中央社(台北)の報道によると、台北市の蔣萬安市長は29日、沈伯洋議員が提唱した「無限城フォーラム(都市間交流の新たな枠組み)」について言及し、市が2年連続で開催している「台北国際都市フォーラム」への沈氏の参加を歓迎する姿勢を示した。これに対し沈氏は、フォーラムの焦点は首長同士の対話ではなく、市民参加や現場の交流にあるべきだと反論した。

次期台北市長選の有力候補として名が挙がる沈氏は、かねてより上海との「双城フォーラム」の必要性に疑問を呈しており、台北が国際都市として東京やニューヨーク、パリなどと連携する「無限城フォーラム」の構想を語っていた。蔣市長はこれに対し、既存の台北国際都市フォーラムの枠組みを活用するよう呼びかけた形だ。
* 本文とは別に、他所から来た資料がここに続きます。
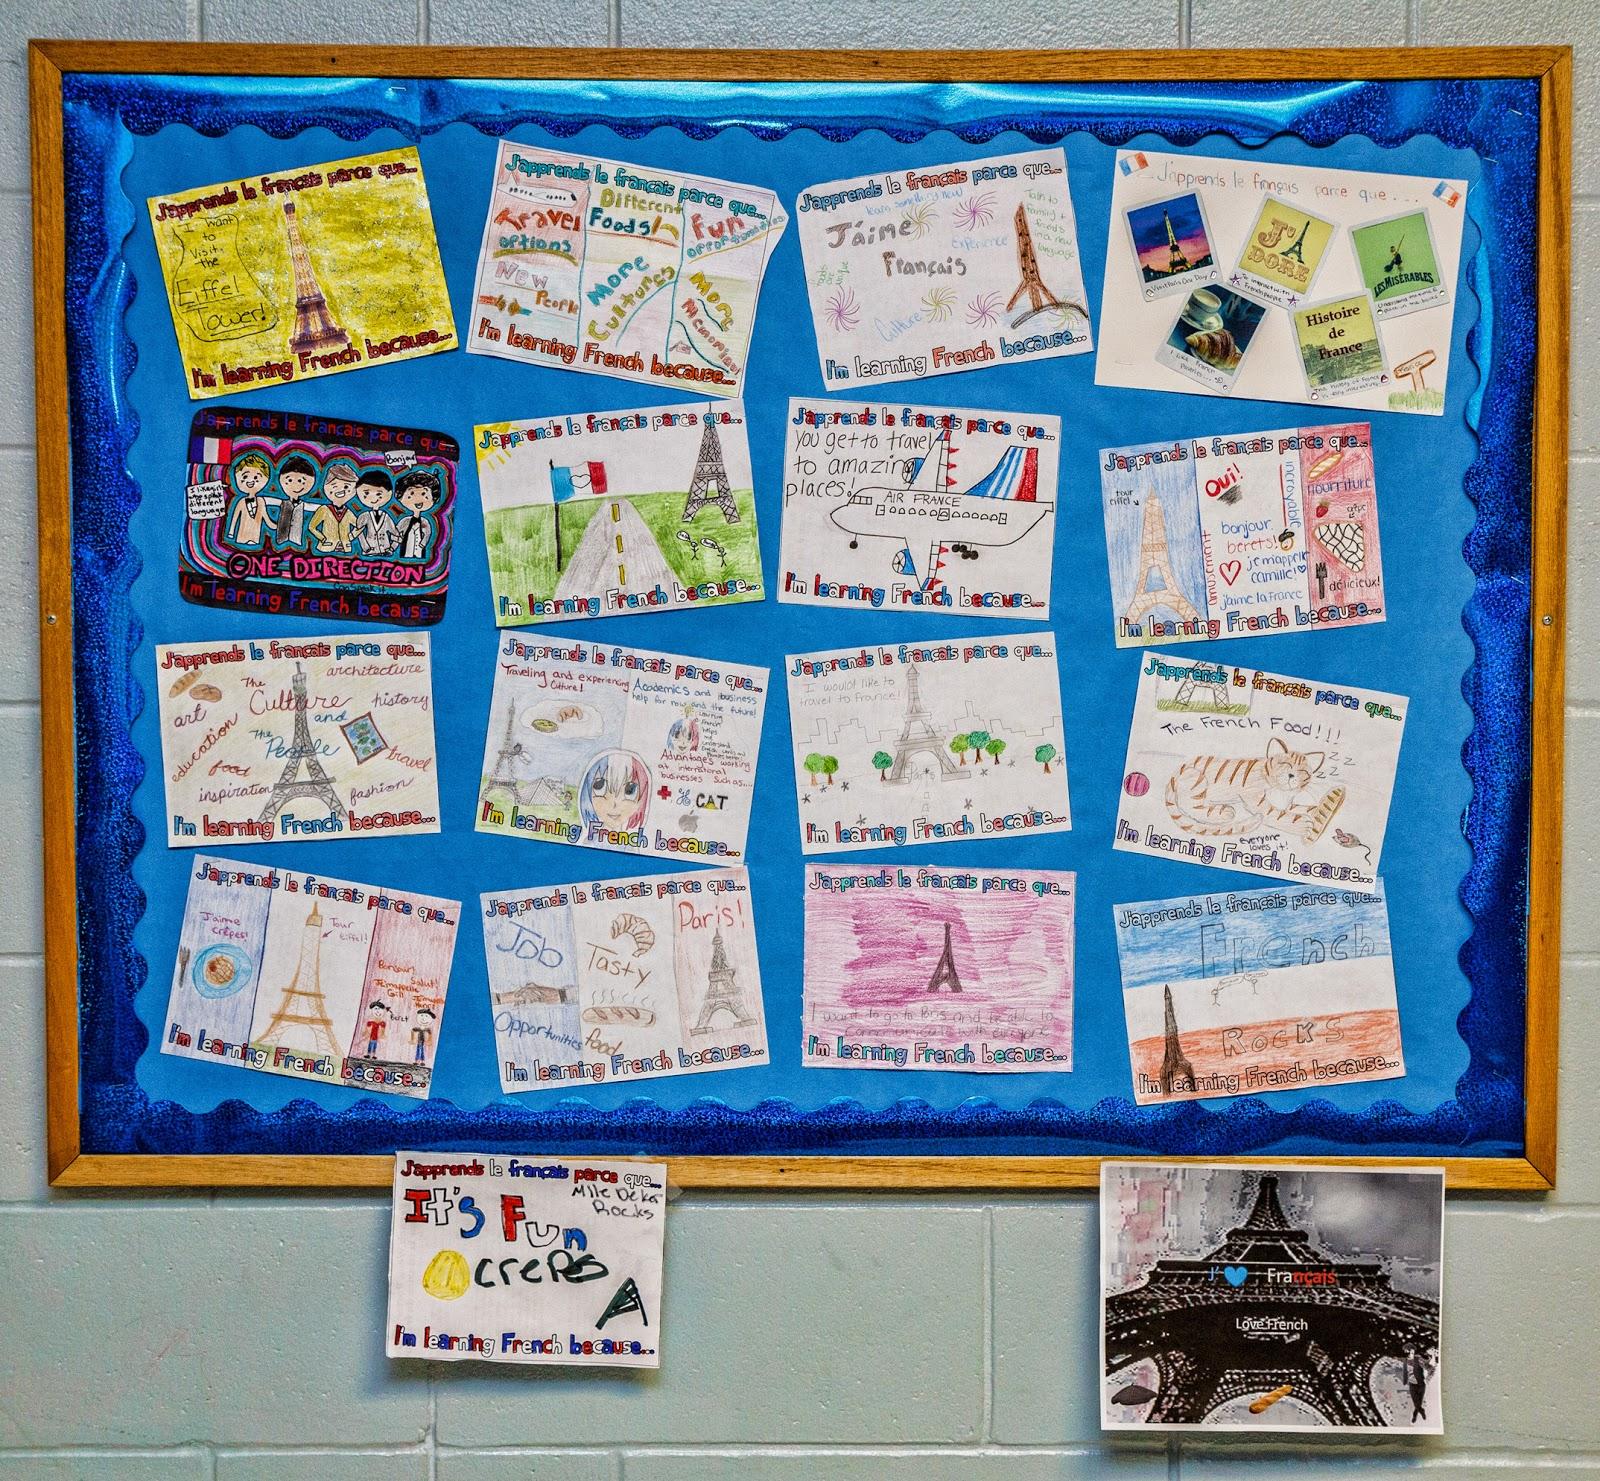 Le Blog De Francais 7 J Apprends Le Francais Parce Que
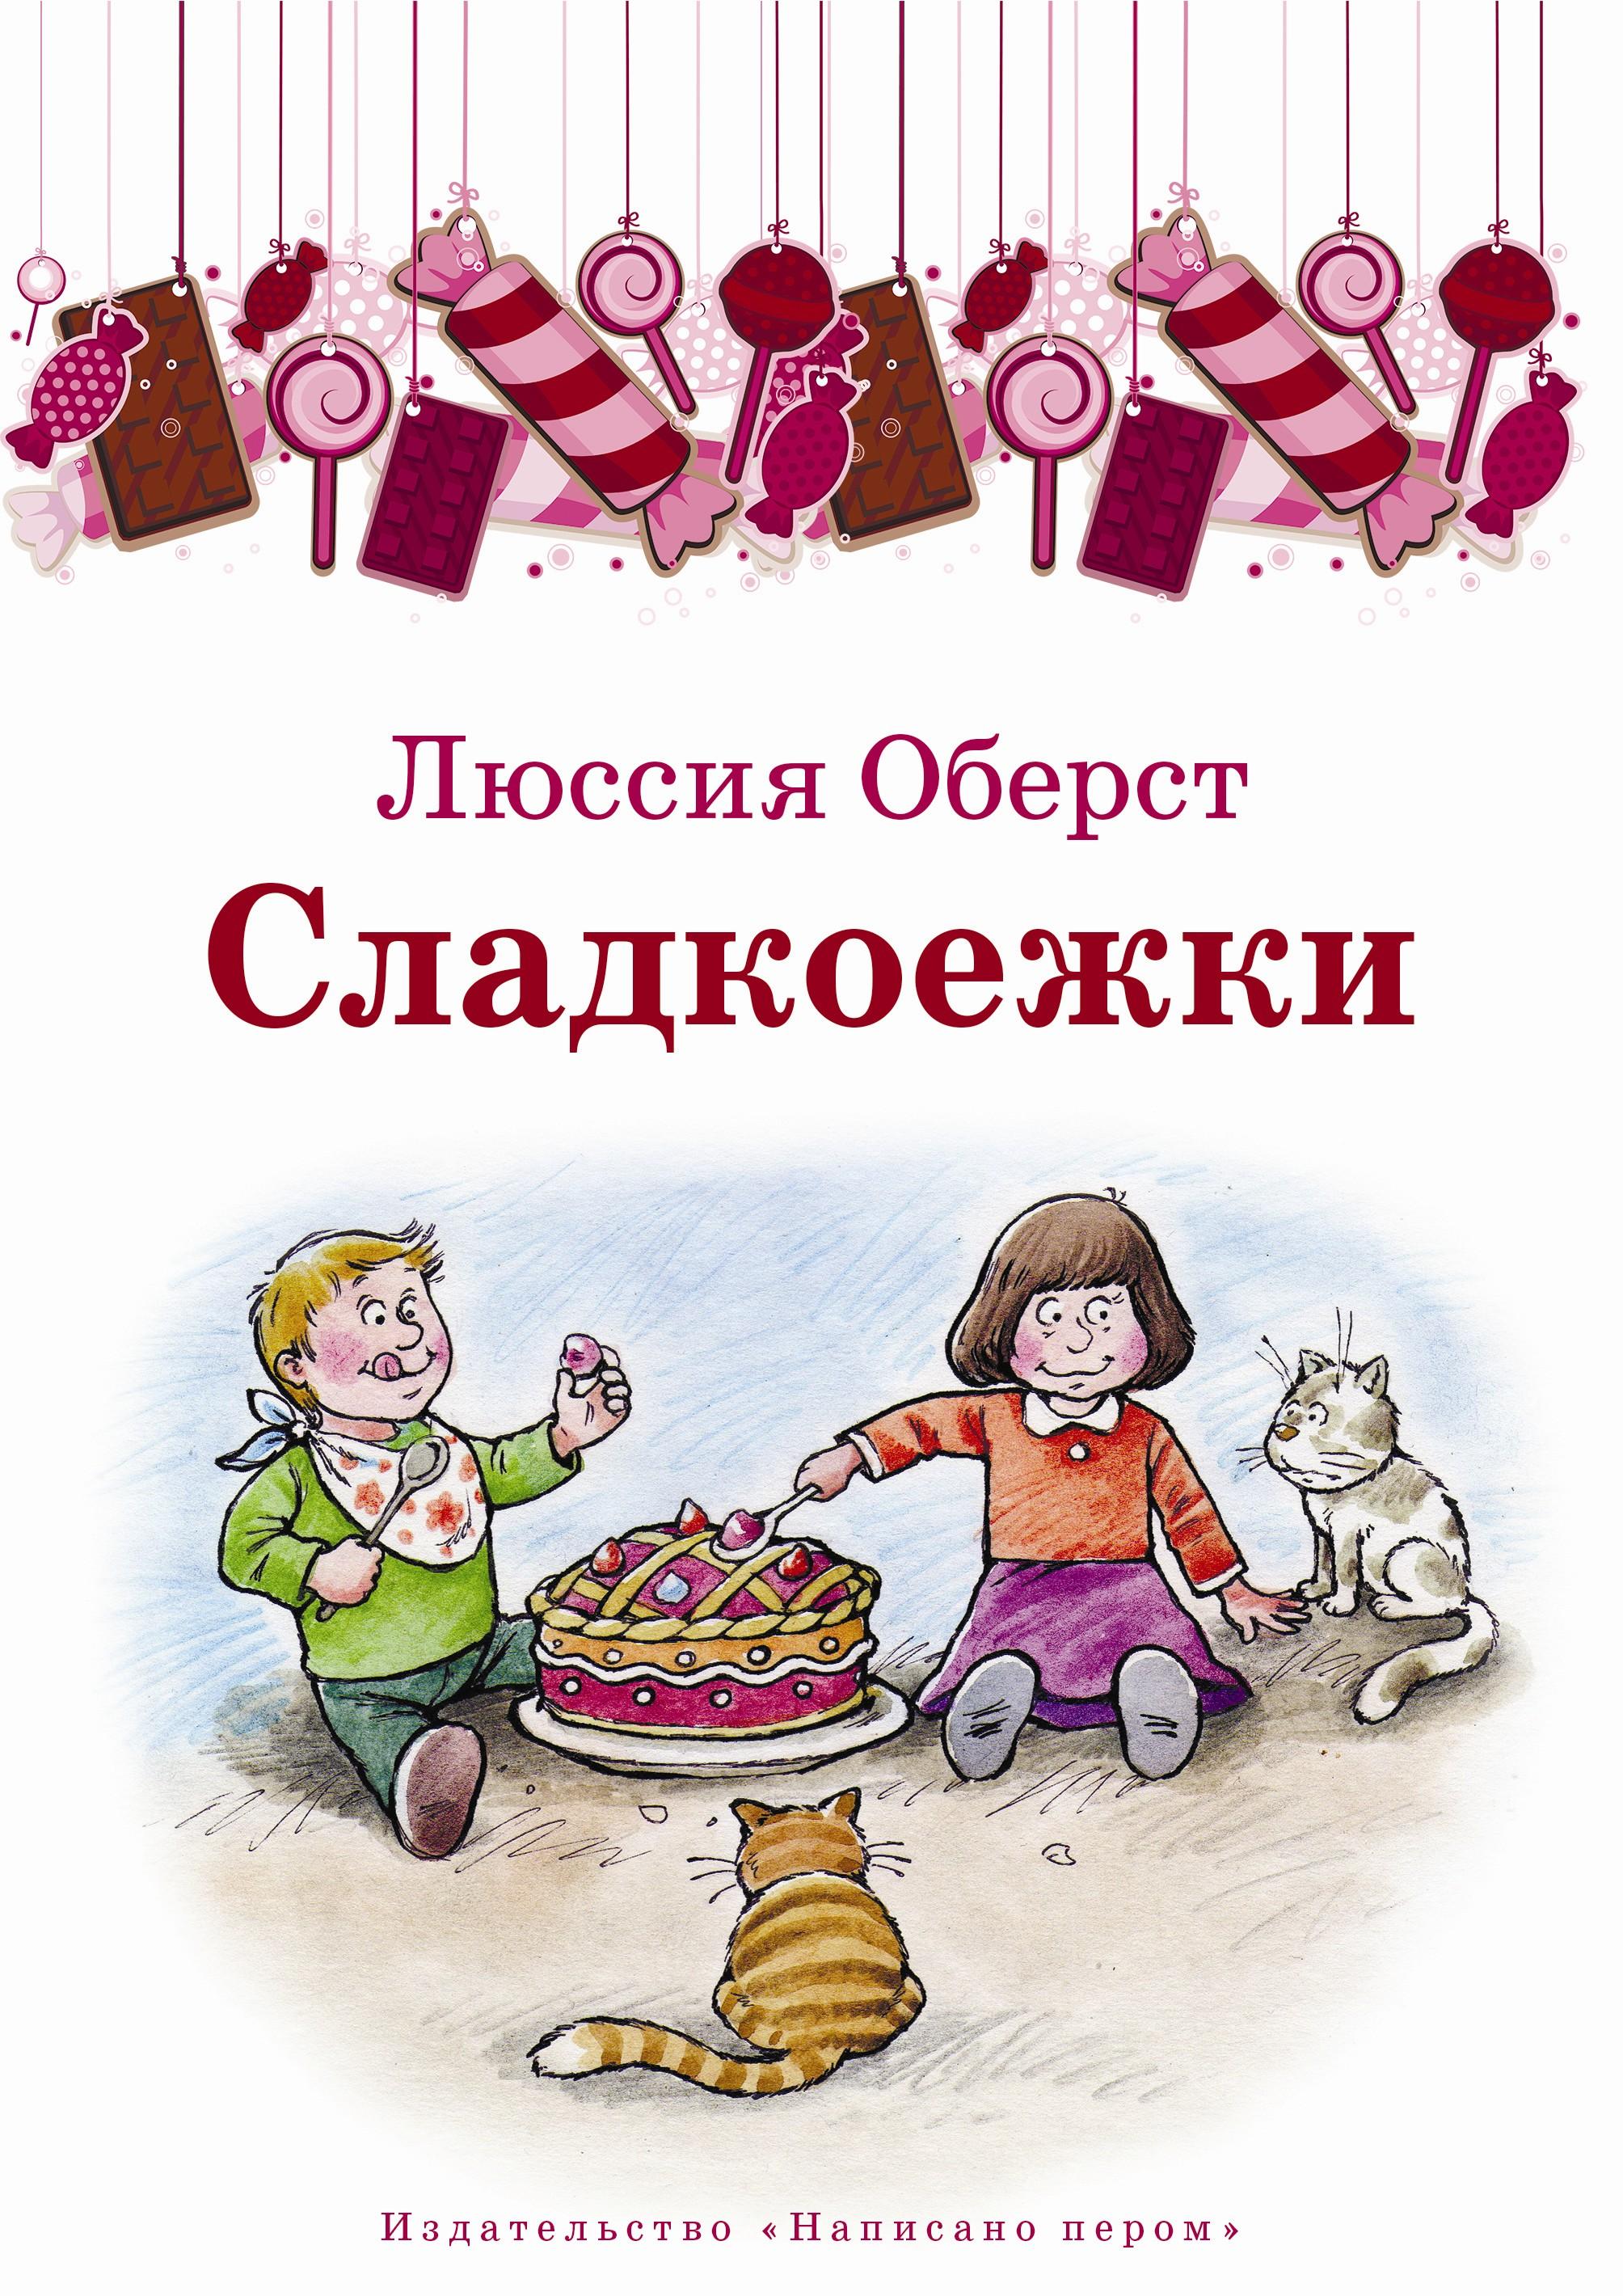 Люссия Оберст Сладкоежки (сборник) люссия оберст сладкоежки сборник

沈氏は、同日に開催された民進党台北市党部のイベント後の取材で、「フォーラムの重要性は私自身が参加できるかどうかではなく、いかに市民を巻き込み、地域社会と連携して継続的な成果を出せるかにある」と強調。特定の首長のみが主導する形式ではなく、市民が主役となる交流の重要性を説いた。

また、長年継続されている「双城フォーラム」についても、相手方政府の信頼性や市民の関心の低下に言及し、資源をより有意義な課題に配分すべきだと主張した。同氏は、台北市長選に関する党内の公認候補決定は党中央に委ねるとしつつも、市議会議員らと連携し、台北のために全力を尽くすと語った。

なお、同席した呉沛憶議員は、党内の結束を強調し「台北チームとして若さと活力を武器に、素晴らしい選挙戦を展開する」と決意を述べた。沈氏も、目標を一つにする中で派閥の垣根は存在せず、完全な団結を約束した。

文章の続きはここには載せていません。